SUPPLIED MATERIAL:

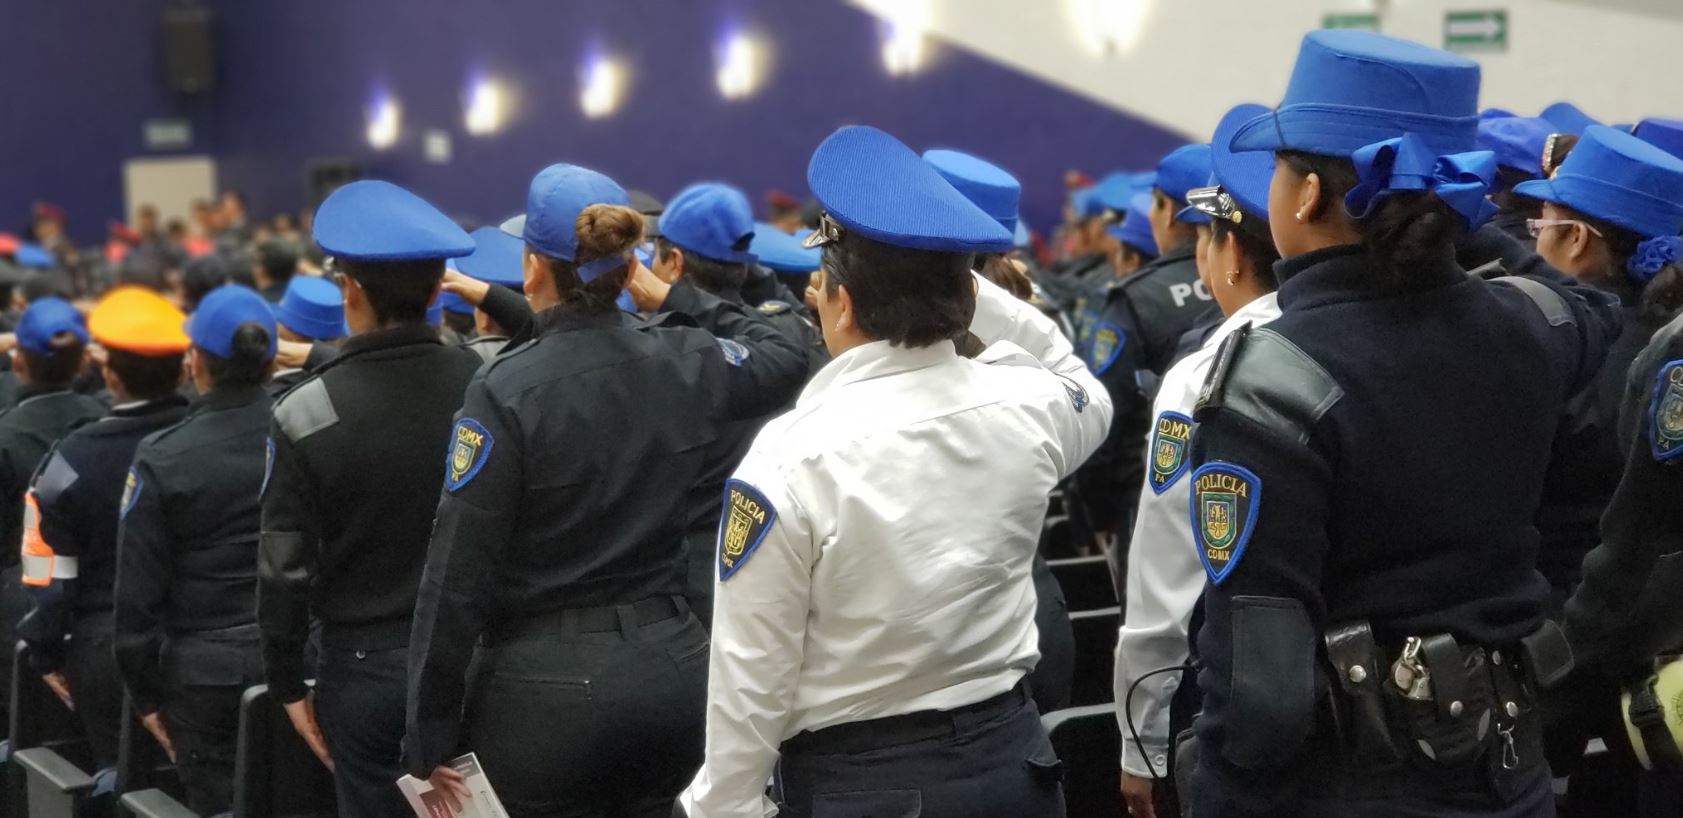 sspcdmx firma contratos millonarios uniformes que no llegan policias
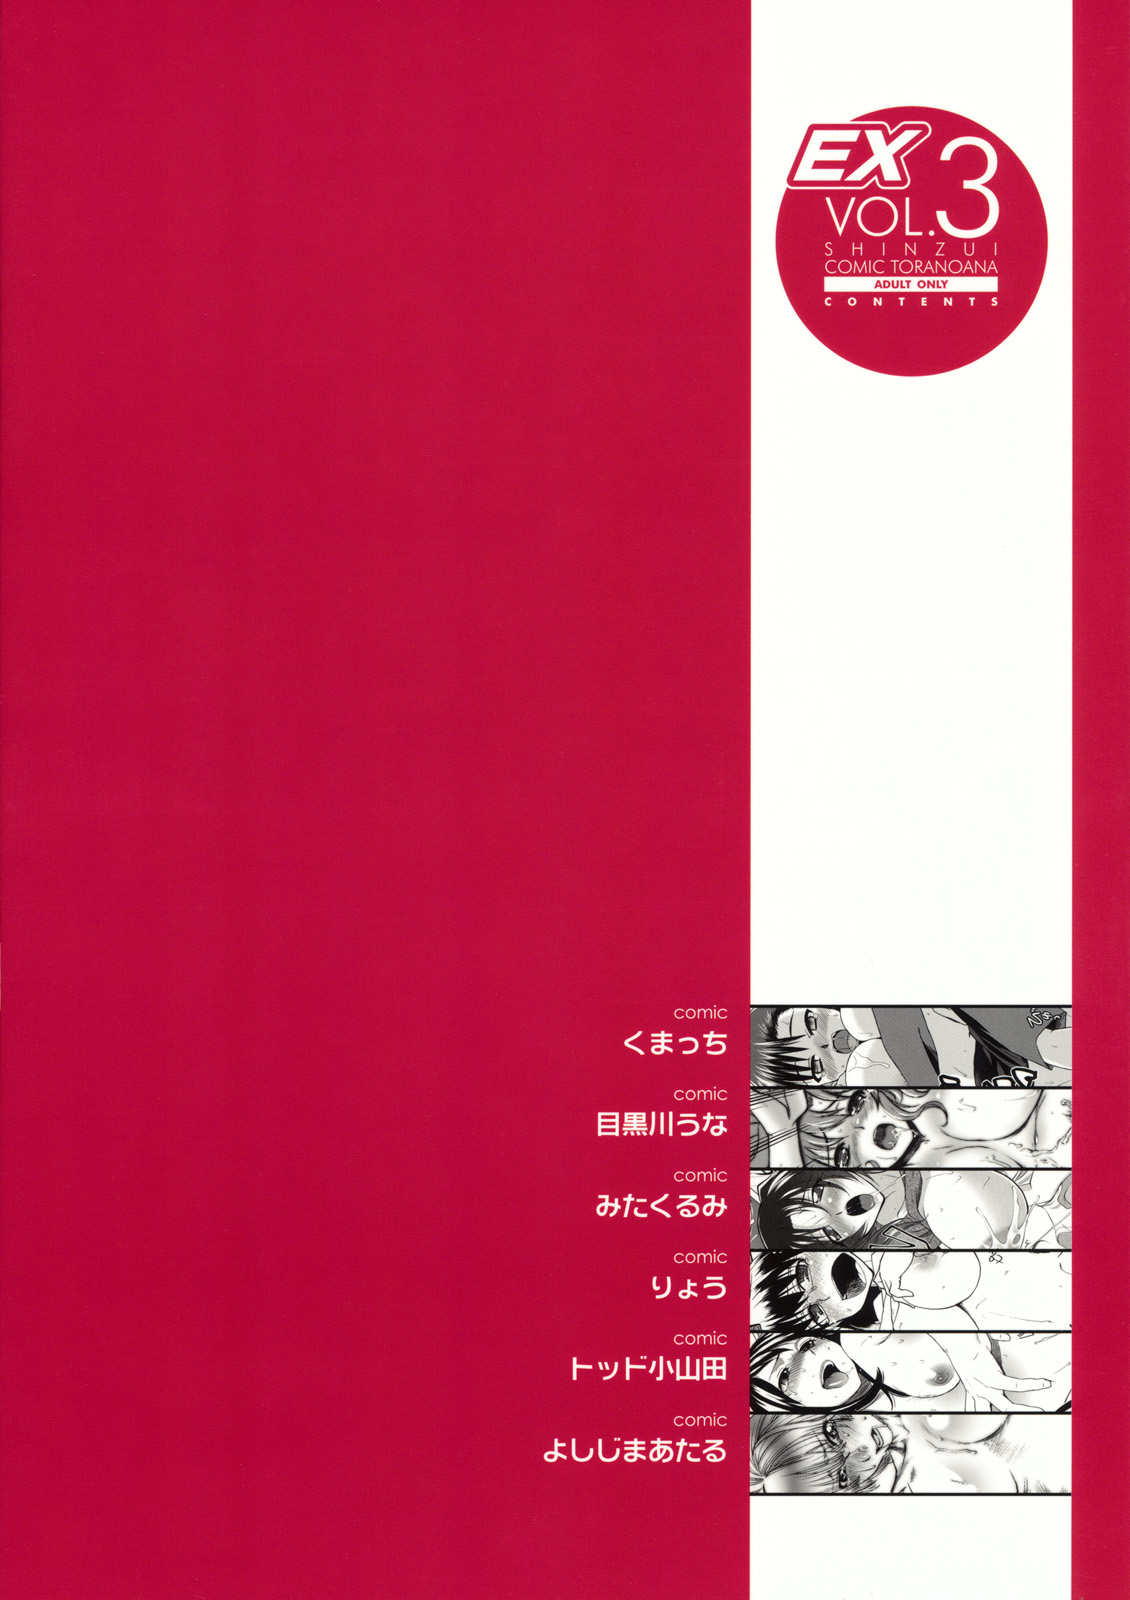 [Toranoana] Shinzui EX vol.3 (Original) [とらのあな] 真髄 EX vol.3 (オリジナル)
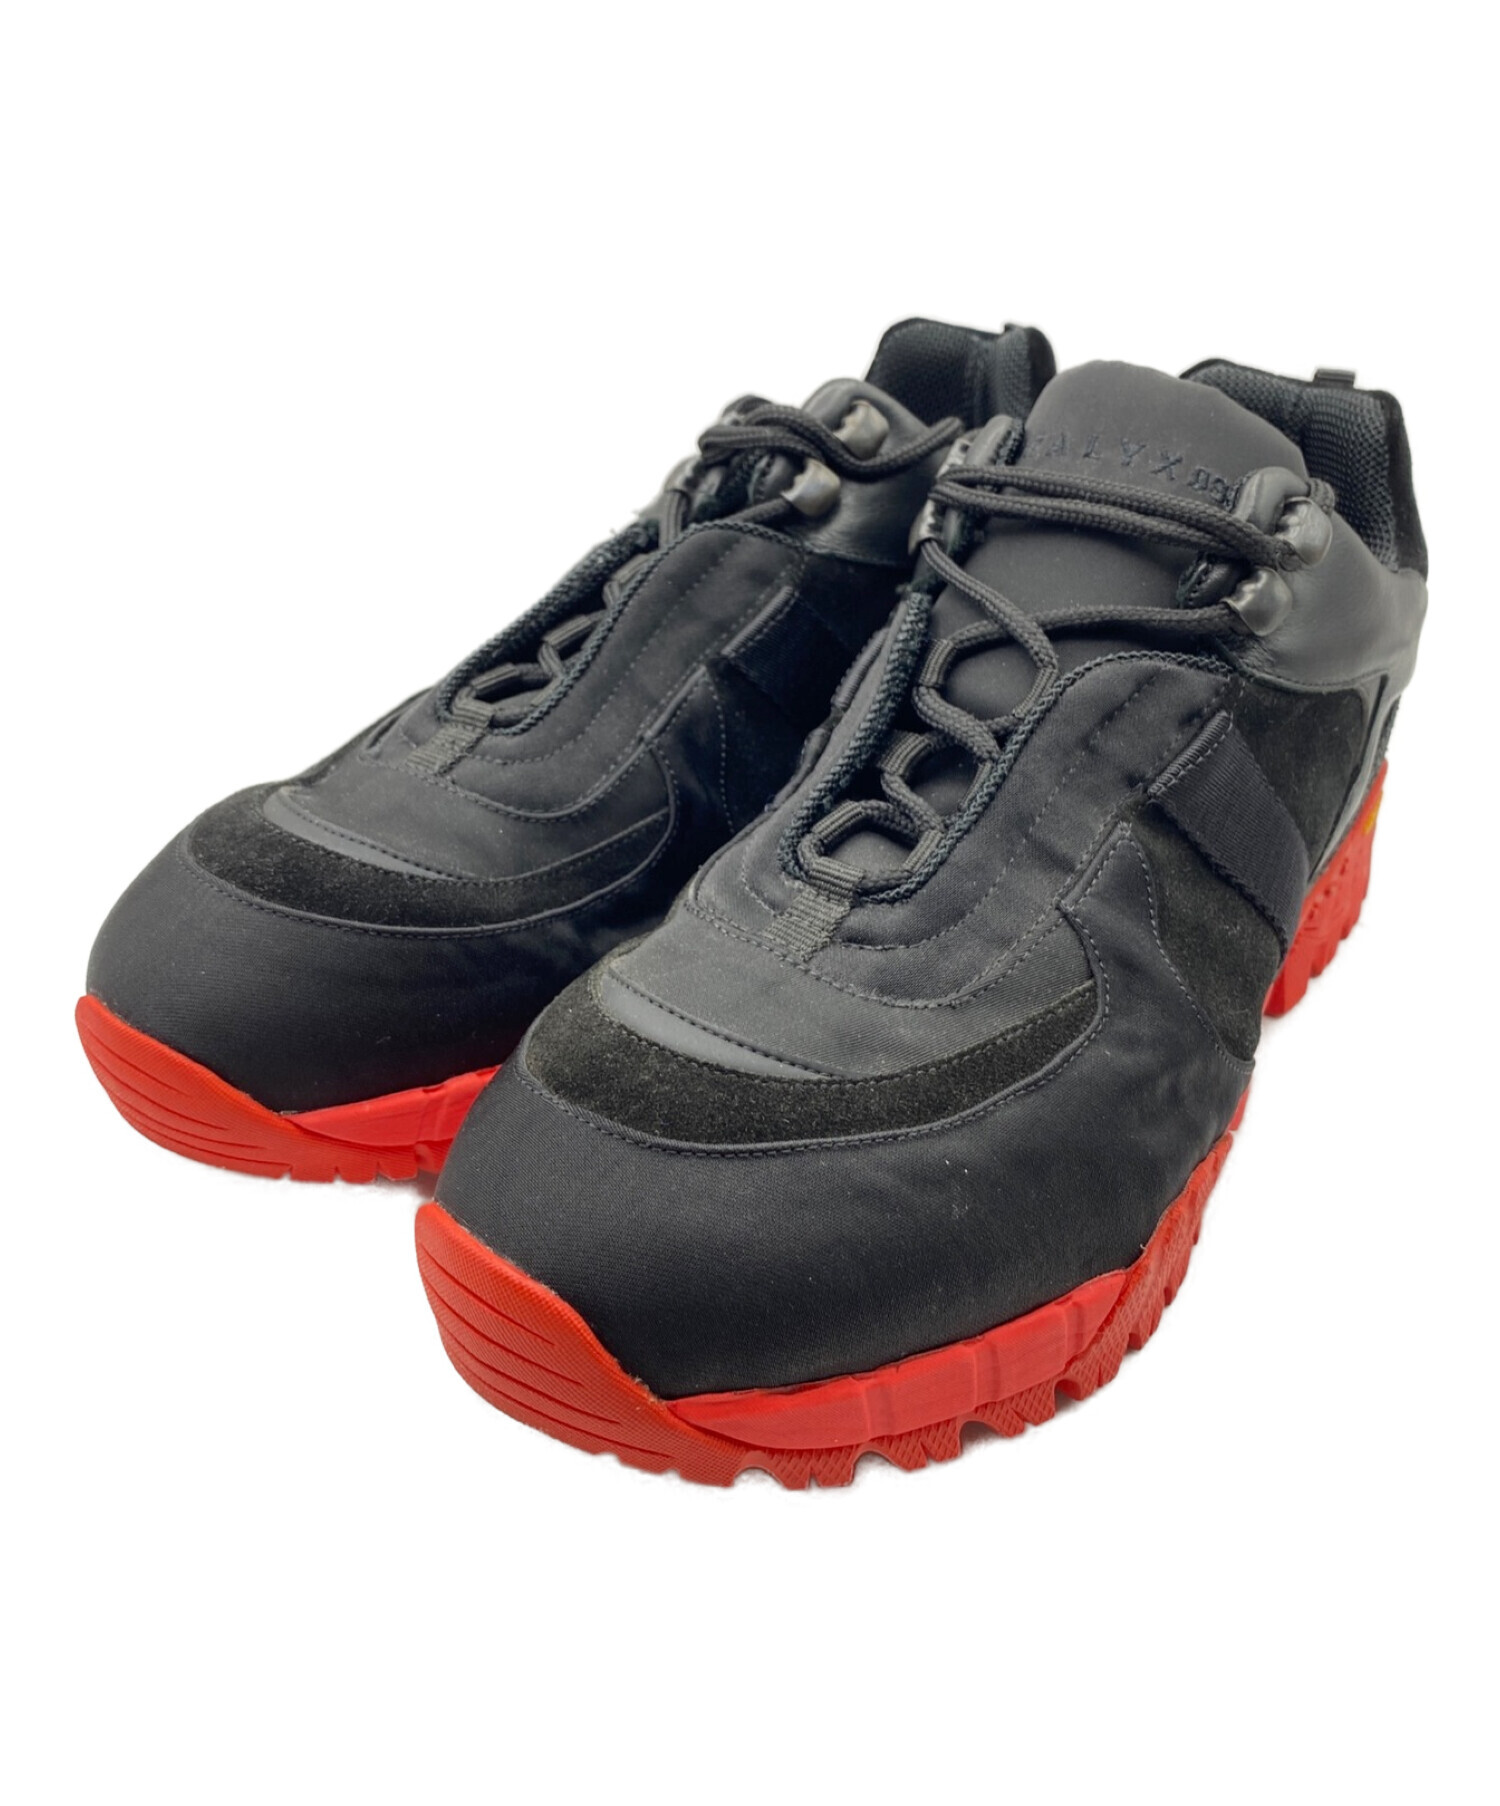 1017 ALYX 9SM Low Hiking boot ハイキングシューズメンズ - ブーツ

DIRECTIONS: Leave the pictures out, and print every line of the listing exactly as written.

ANSWER TO THE PROBLEM:
 sspcdmx firma contratos millonarios uniformes que no llegan policias
 [Toranoana] Shinzui EX vol.3 (Original) [とらのあな] 真髄 EX vol.3 (オリジナル)
 1017 ALYX 9SM Low Hiking boot ハイキングシューズメンズ - ブーツ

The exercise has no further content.